The boundary rays are special.

• $\overrightarrow{PA}$ and $\overrightarrow{PB}$ are tangent to the hyperbola (at "finite" points).

• $\overrightarrow{PC}$ and $\overrightarrow{PD}$ are parallel to the (invisible) asymptotes of the hyperbola. (It's often helpful to think of these as being tangent to the hyperbola at the "point at infinity", but that's not the sense in which you're using tangency.)

• (It's also good to know that the ray opposite $\overrightarrow{PC}$ separates the "Western" rays into two sub-regions: those that meet the hyperbola once, and those that meet it twice; likewise, the ray opposite $\overrightarrow{PD}$ sub-divides the "Eastern" rays.)

Moving $P$ can alter the nature of the boundaries a bit; for instance, if $P$ lies directly between the vertices (but, say, "west" of center), then $\overrightarrow{PA}$ and $\overrightarrow{PD}$ become the tangents, while $\overrightarrow{PB}$ and $\overrightarrow{PC}$ are asymptote-parallels.
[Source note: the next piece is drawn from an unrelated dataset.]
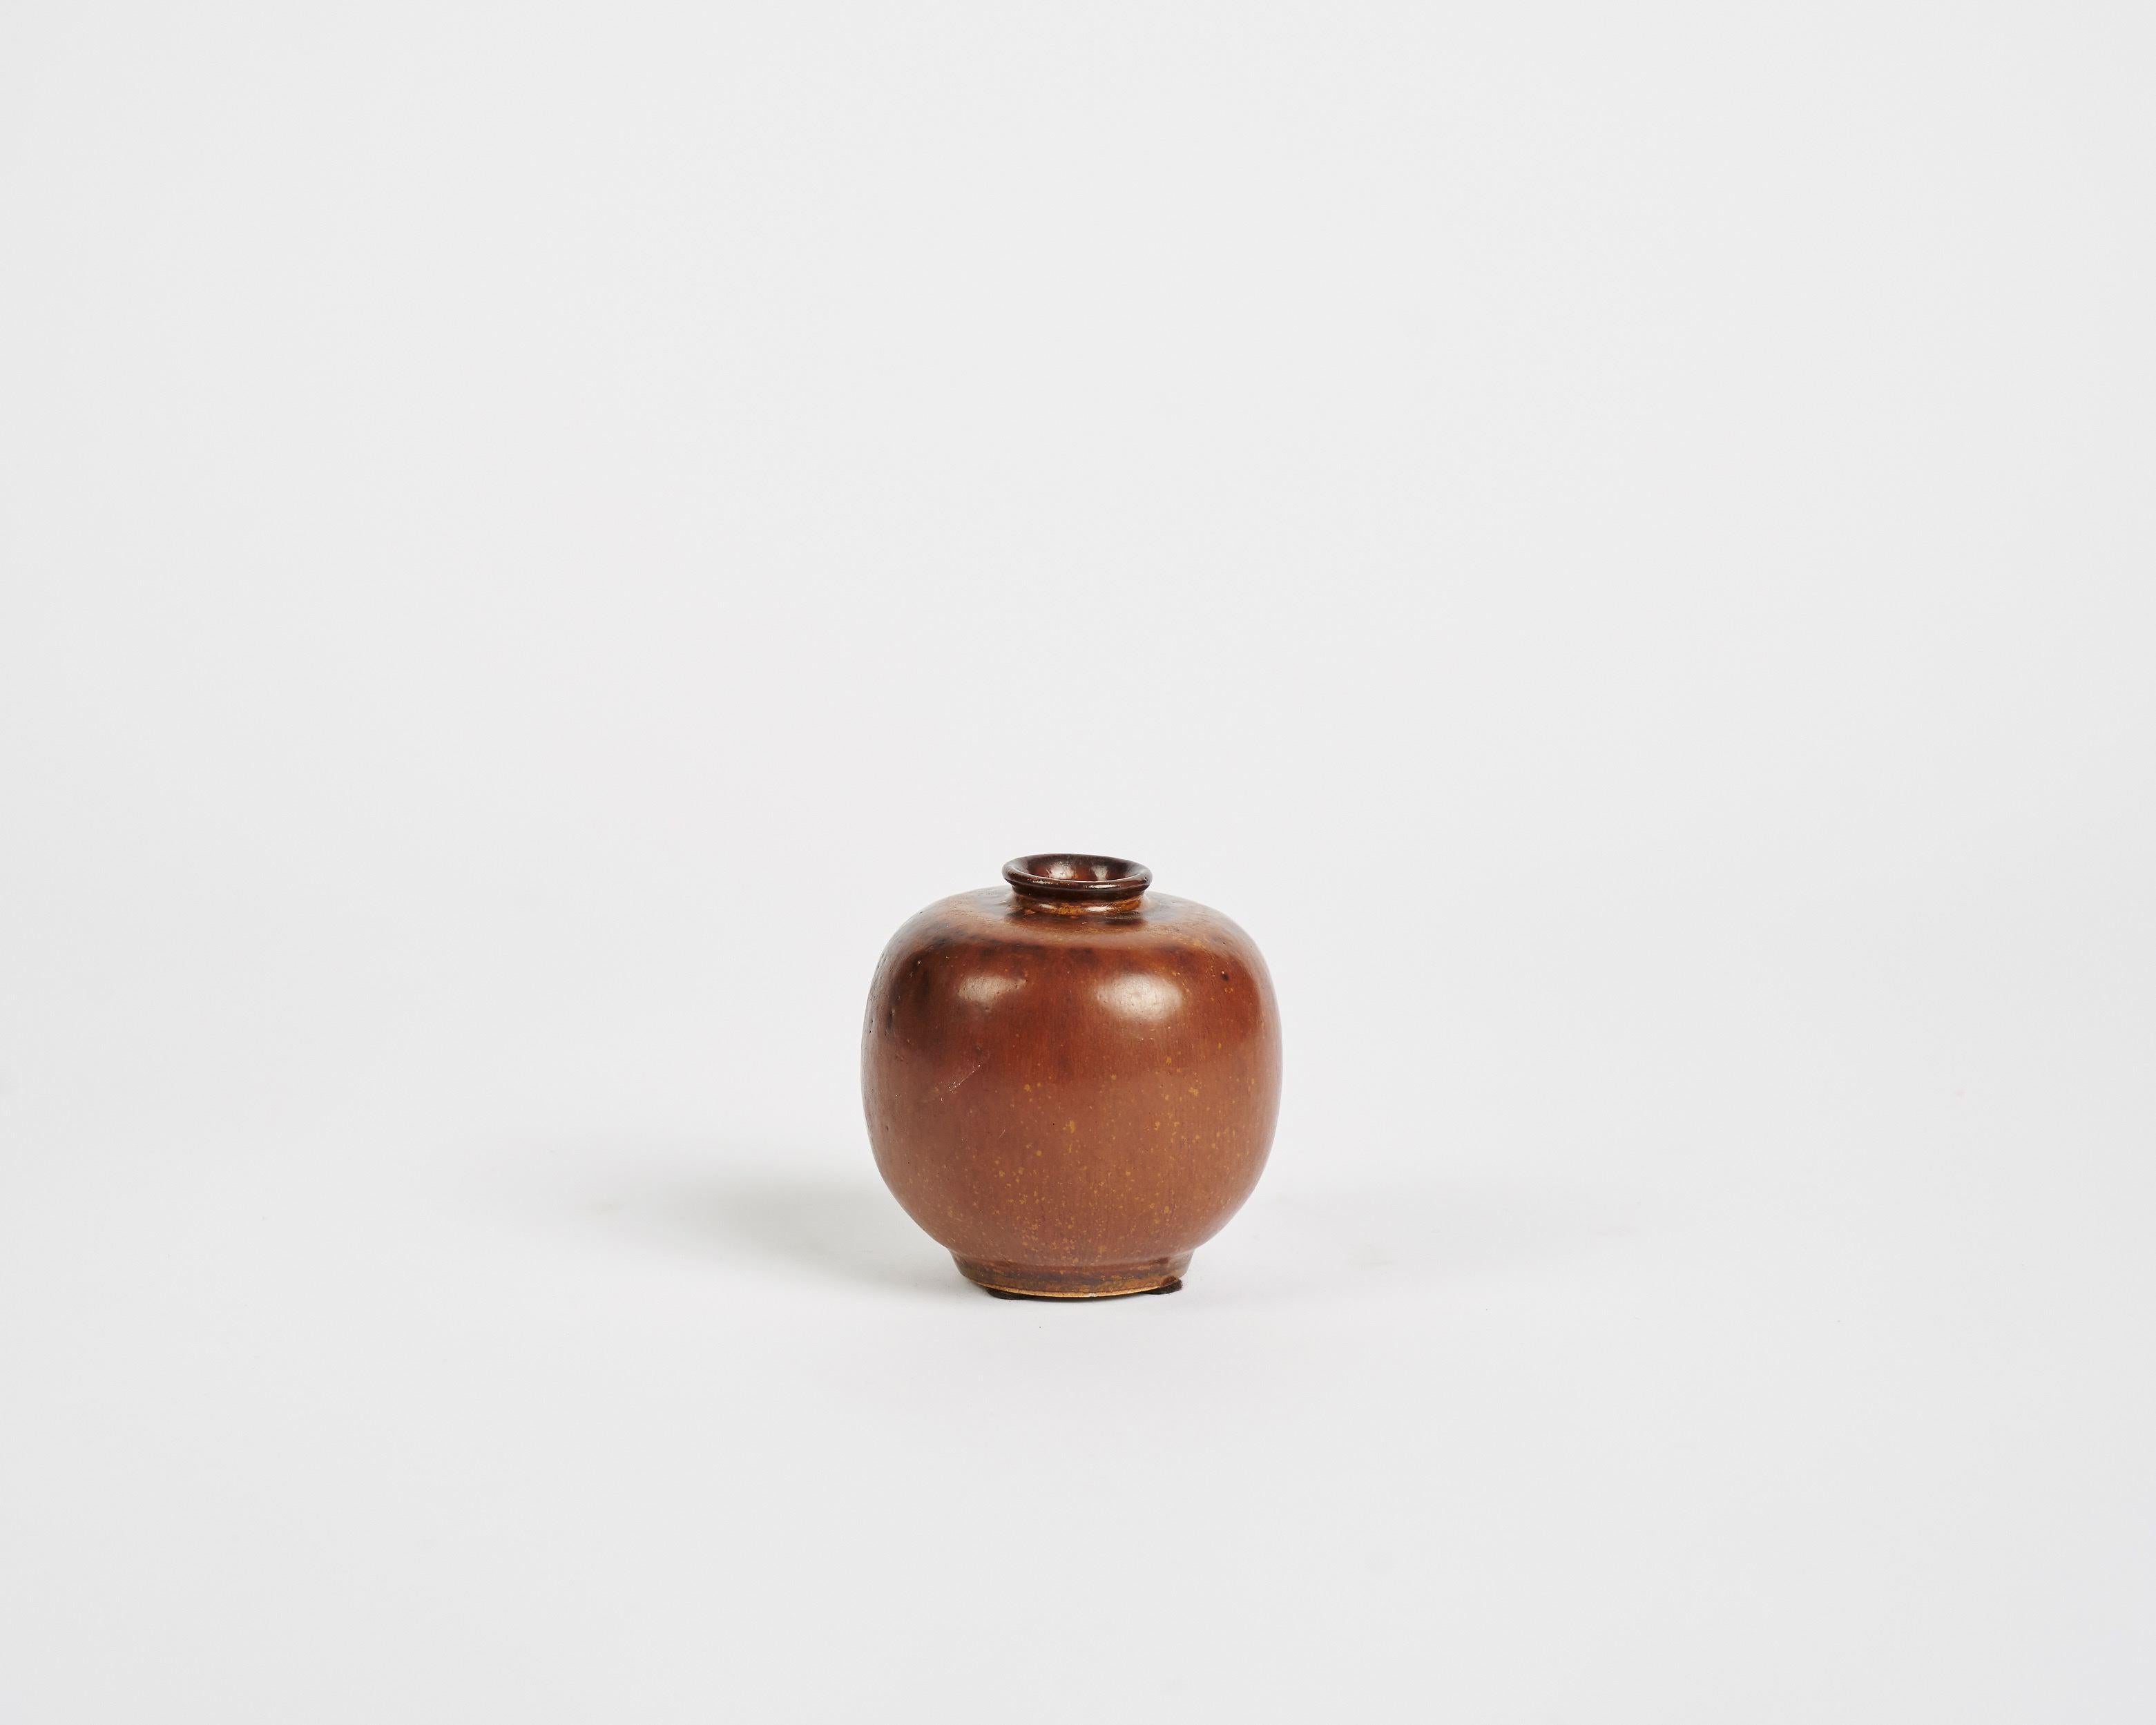 Danish Arne Bang, Round Ceramic Vase, Denmark, 1930s
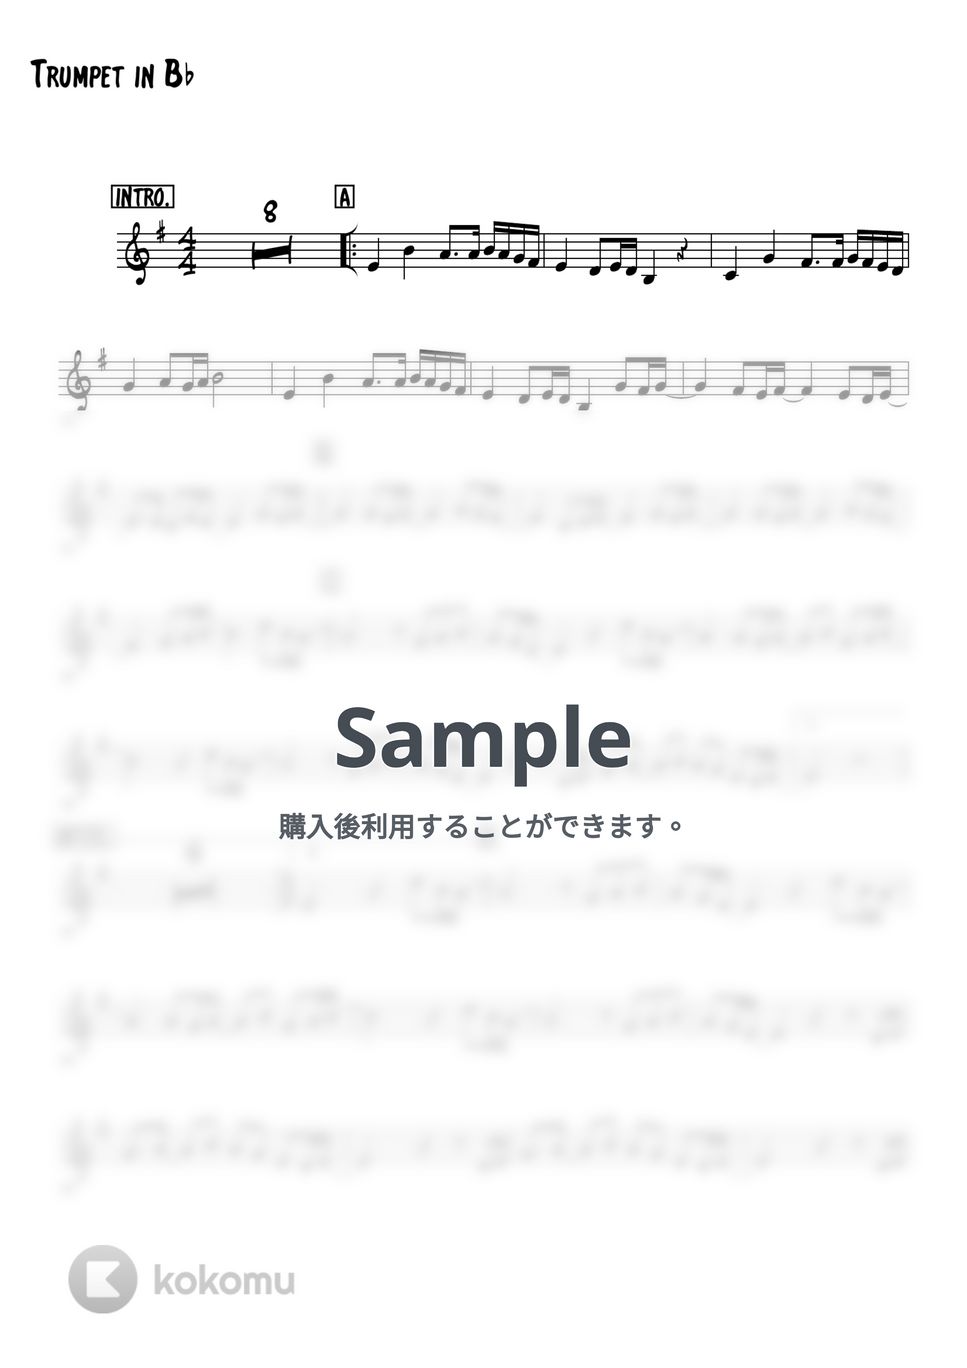 松任谷由美 - 春よ、来い (トランペットメロディー楽譜) by 高田将利

But the overall idea holds here, and apart from the case in which $P$ coincides with the hyperbola's center, there are always two tangents and two asymptote-parallels.

Anyway, the fact that a hyperbola has asymptotes (and thus region-bounding rays parallel to those asymptotes) distinguishes the geometry here from that of "two parabolas", which would have no asymptotes (and thus no corresponding region-bounding rays).

Answer 2

(see figure) @wojowu @Blue @Shreyash Chaudhari

Here is a mathematical explanation, using projective geometry.

Let us consider the case of an ellipse : from a given point outside an ellipse, you can draw two tangents (only).

If you have done projective geometry, you know that one can transform any conic section into any other one, in particular, one can map a hyperbola onto an ellipse, and vice versa.

As contact points and their tangents are preserved in such a transform, we are done.

With an example, it will be better; consider projective transform (P):

$$\begin{cases}X=\dfrac{2x}{x+y-1}\\Y=\dfrac{y}{x+y-1}\end{cases}$$

(P) "sends" the ellipse onto the hyperbola, sends $A(x,y)=(-1, 1)$ onto $B(X,Y)=(2,-1)$ and maps the tangents issued from $A$ to the ellipse onto the tangents issued from $B$ to the hyperbola.

I give below the Matlab program that I have done for this picture.

clear all;close all;hold on; grid on;

set(gcf,'color','w');

set(0,'defaulttextfontsize',16);

set(0,'defaultlinelinewidth',2);

axis([-2,3,-2,2]);

Tx=@(x,y)(2*x./(x+y-1)); % proj. transf. equ.

Ty=@(x,y)(y./(x+y-1)); % contd

t=0:0.01:2*pi;

x=1+2*cos(2*t-pi/4); % ellipse's param. equ.

y=sin(2*t); % contd

plot(x,y);

plot(Tx(x,y),Ty(x,y),'r')

x=[-1,-1,2.4];y=[-0.7,1,1];

plot(x,y,'-.b'); % draw tangents to ellipse issued from A

plot(Tx(x,y),Ty(x,y),'-.r'); % draw tangents to hyperbola issued from B

scatter([-1,2],[1,-1],30,'filled','k')

text(-1.3,1.3,'A');text(2.1,-1.3,'B');